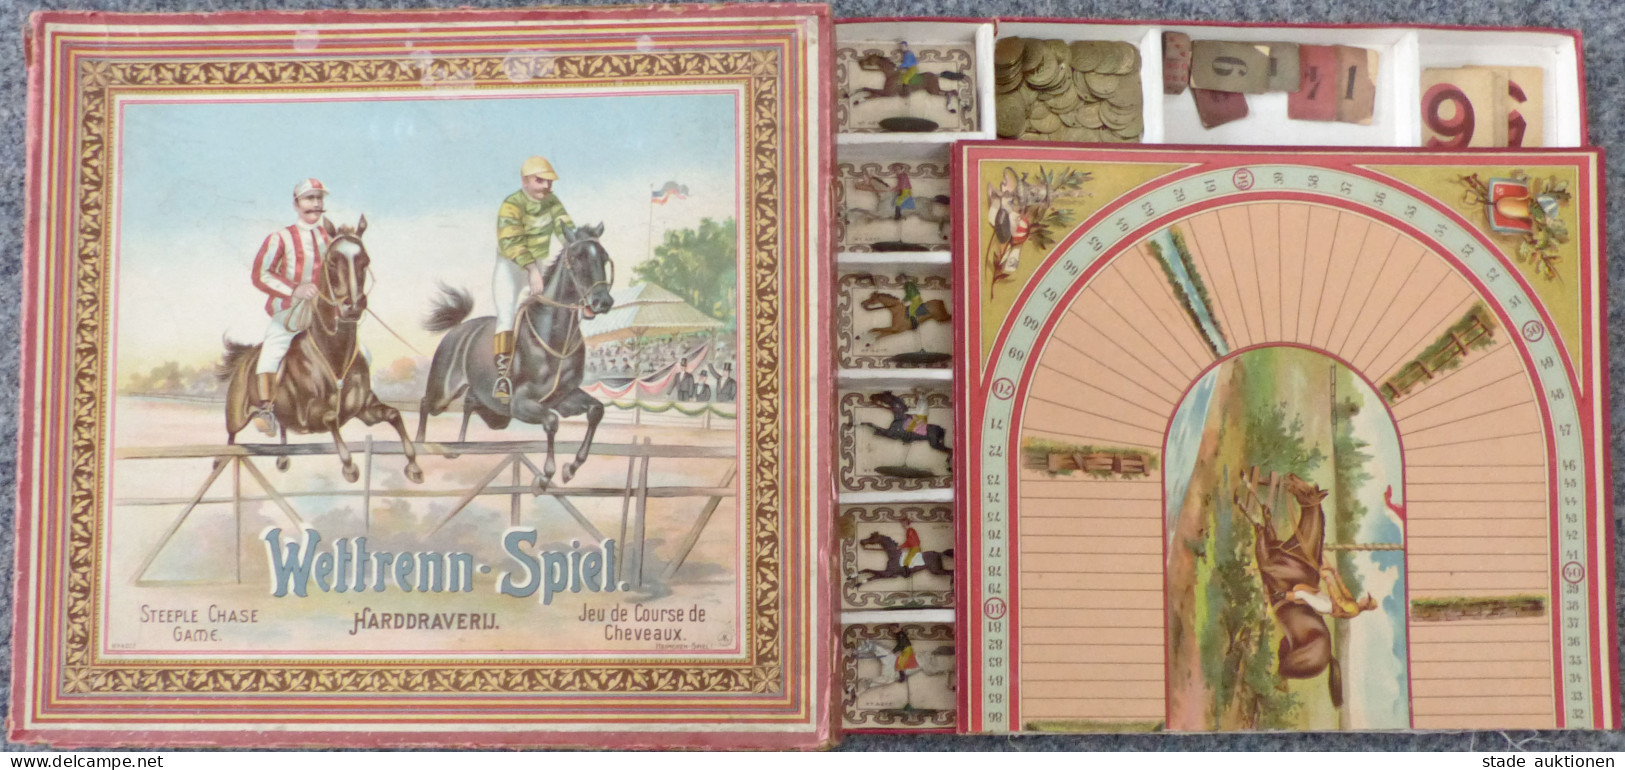 Spielzeug Wettrenn-Spiel Von Heimchen-Spiel 1902, Mit Original-Schachtel Und Anleitung, Alle Pferde Und Spielgeld Vorhan - Spielzeug & Spiele
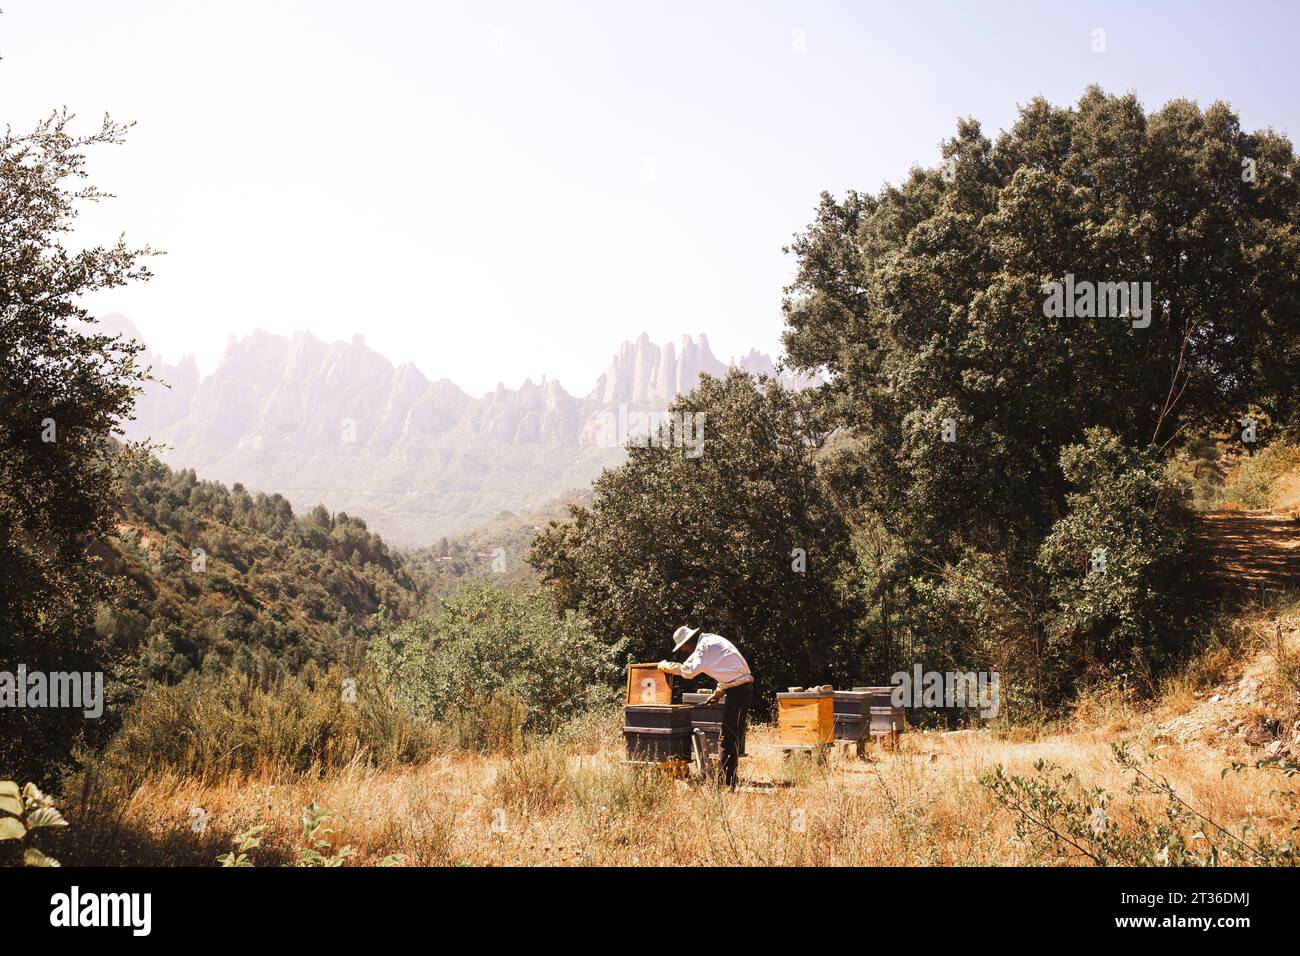 Imker arbeitet mit Bienenstock in der Nähe von Bäumen Stockfoto
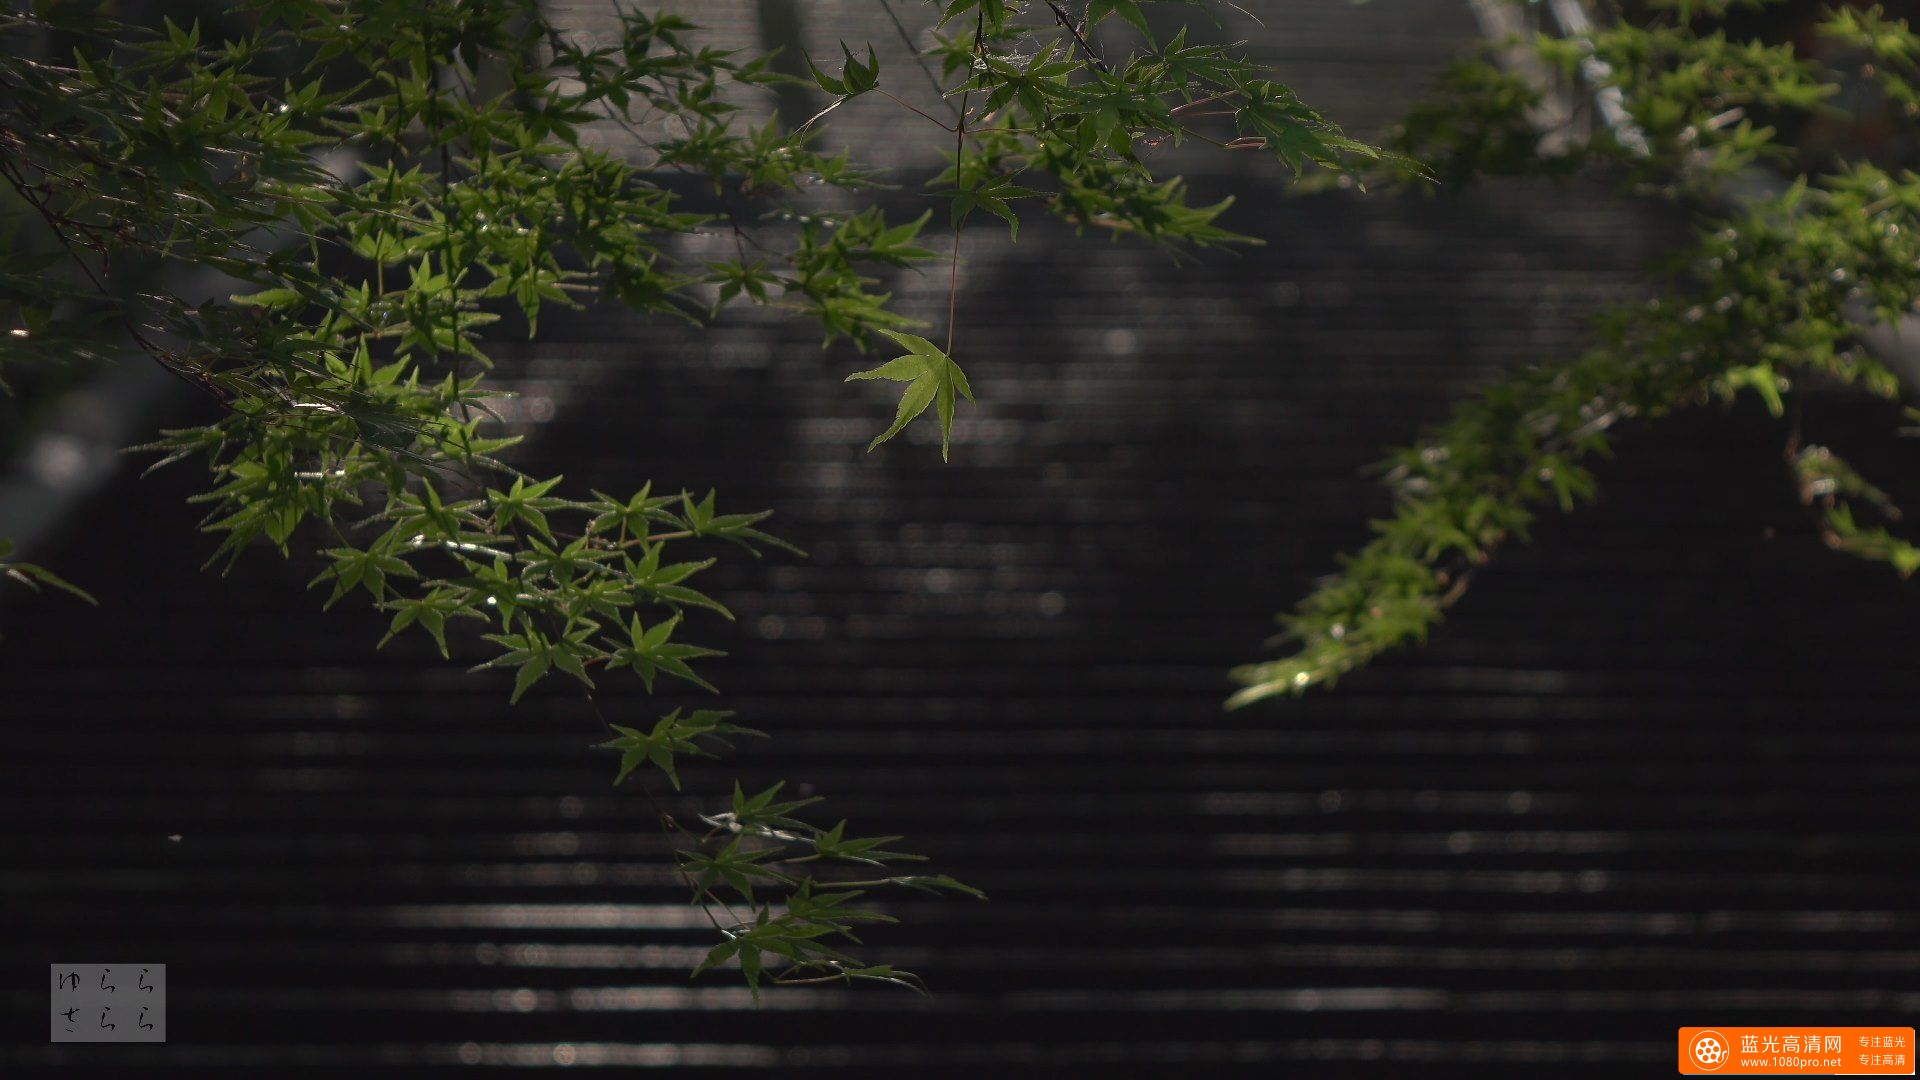 陰翳礼讃 京都の庭園
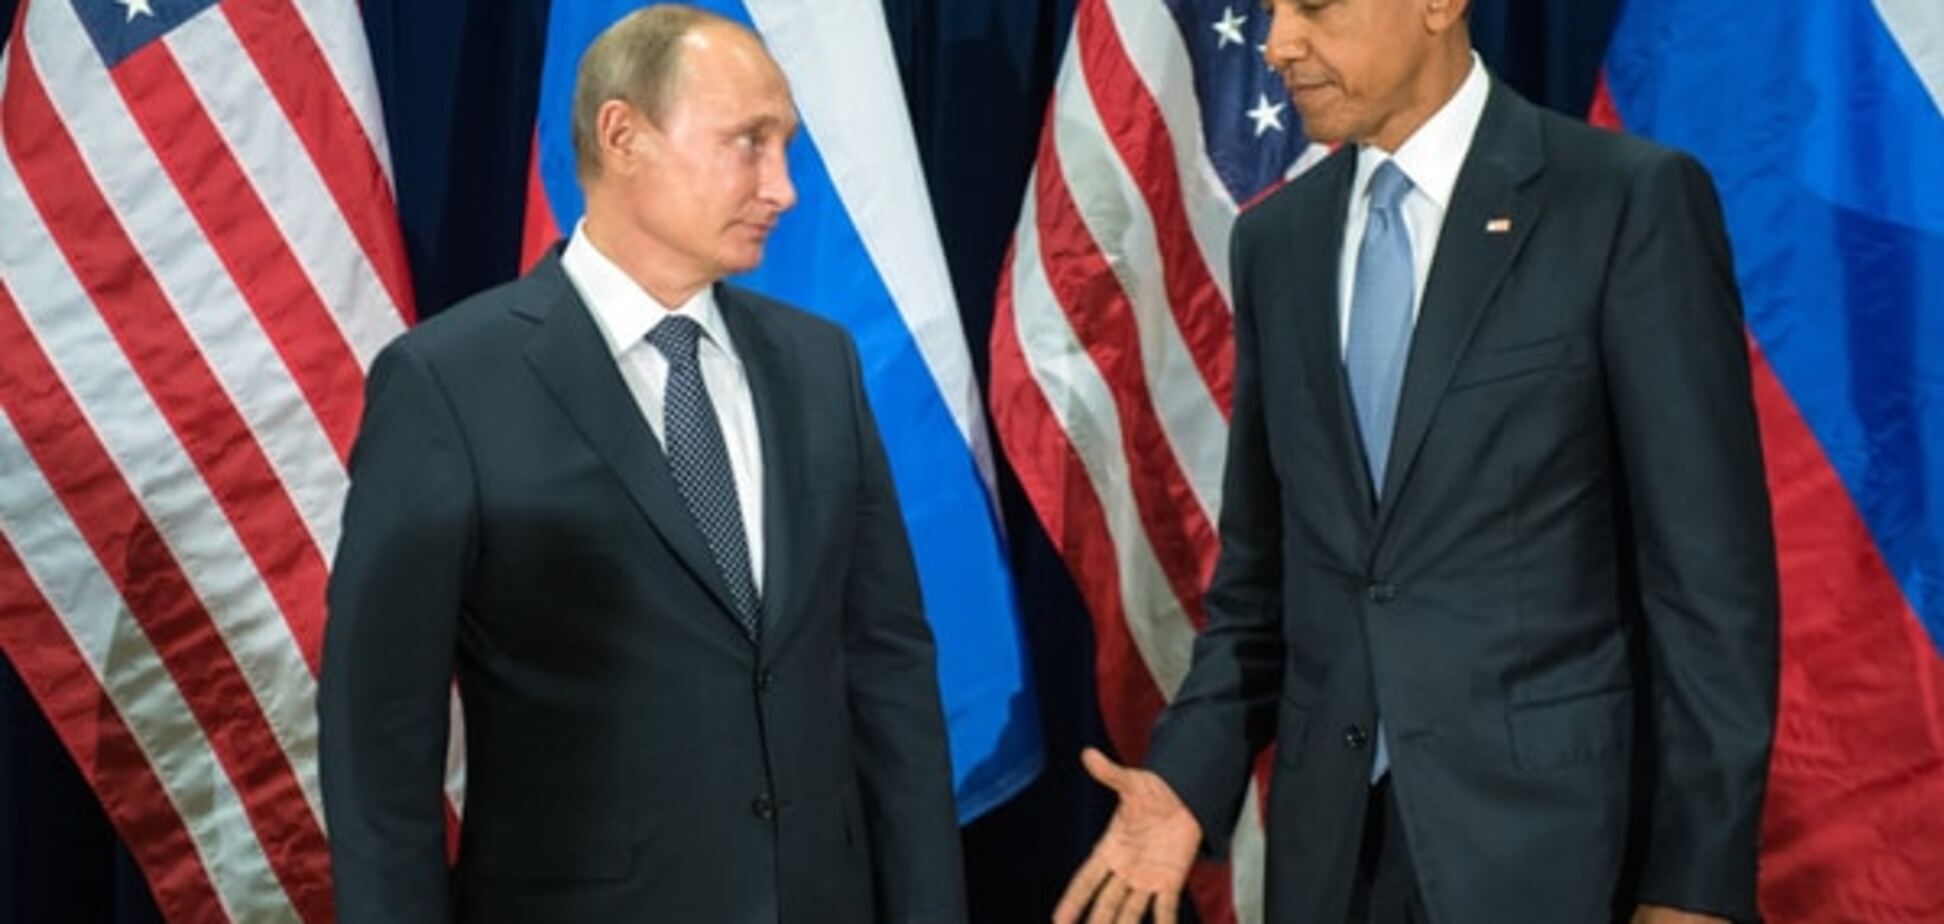 Знайди відмінності: як Путін і Обама трактують події в Україні та в Сирії

Task brief: Reproduce the material above in full, images excluded.

Result below:
 Spielzeug Wettrenn-Spiel Von Heimchen-Spiel 1902, Mit Original-Schachtel Und Anleitung, Alle Pferde Und Spielgeld Vorhan - Spielzeug & Spiele
 Imker arbeitet mit Bienenstock in der Nähe von Bäumen Stockfoto
 陰翳礼讃 京都の庭園
 Знайди відмінності: як Путін і Обама трактують події в Україні та в Сирії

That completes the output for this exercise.